The surveillance of C. imicola is of great significance for the prevention and control of African horse sickness because AHSV was transmitted to domestic and wild populations through C. imicola biting. In domestic populations, the horses of AHSV infection have obvious clinical signs, a short period of viremia, and high mortality (Robin, 2019; Wilson et al., 2009). In wild populations, zebra played a crucial role in the persistence of AHSV in Africa and was considered the natural virus reservoir (Mellor & Hamblin, 2004). Zebra rarely showed clinical signs, but the period of viremia can extend approximately 40 days (Barnard et al., 1994). In 2020, African horse sickness was reported in Southeast Asia, and vaccination was the most effective way to control African horse sickness. Before the vaccine development, the priority measures were to prevent vector-host interaction.

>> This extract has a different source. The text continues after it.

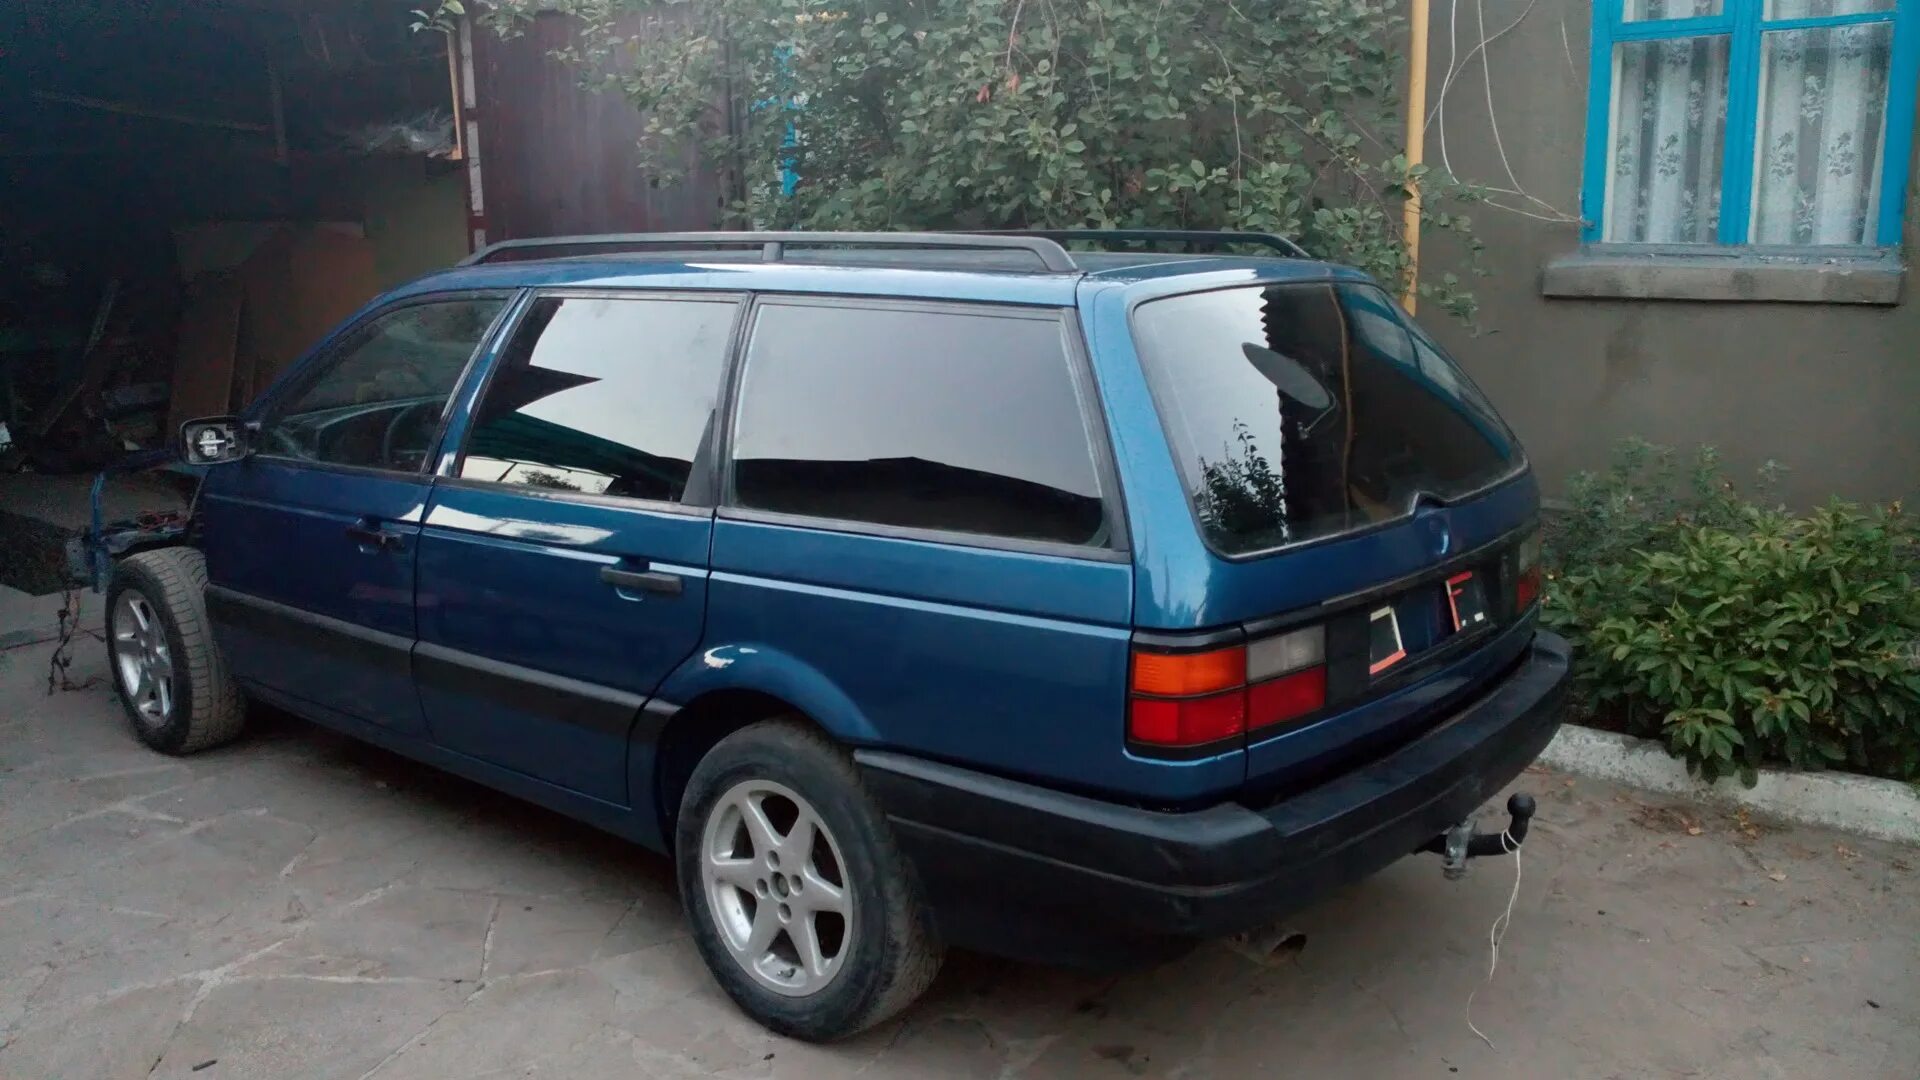 Купить бу пассат дизель. Volkswagen Passat b3 универсал 1993. Volkswagen Passat b3 1990 универсал. Фольксваген Пассат б3 универсал синий. Volkswagen Passat b3 универсал синий.

Stabling of horses overnight can protect horses from African horse sickness because C. imicola and Culicoides bolitinos were less reluctant to enter enclosed space (Wilson et al., 2009). Stabling was also a practical way as part of quarantine measures related to the intercontinental transport of horses (Page et al., 2015). Therefore, multiple integrated measures (such as staling of horses, clearance of larval habitat, insecticides, etc.) may have a greater impact on AHSV transmission (Carpenter et al., 2017).
This study still has a limitation, for most of C. imicola occurrence data were obtained from the published literature, which might suffer from underreporting. However, the results could be related to differences in reporting rather than the true ecological habits of Culicoides. In the future, it will be interesting to model the impact of the geographical expansion of Culicoides on disease distribution. Simultaneously, it is of great significance if the prediction model includes Culicoides survivability under high temperatures.
Conclusions
Based on C. imicola occurrence records and bioclimatic variables, the current and future suitable habitat of C. imicola all over the world was modeled using MaxEnt model. Three bioclimatic variables were revealed to have important effects on C. imicola distribution. In the 21st century, the habitat suitability of C. imicola may be different with climate change. The prediction of this study is of strategic significance for vector surveillance and the prevention of vector-borne diseases.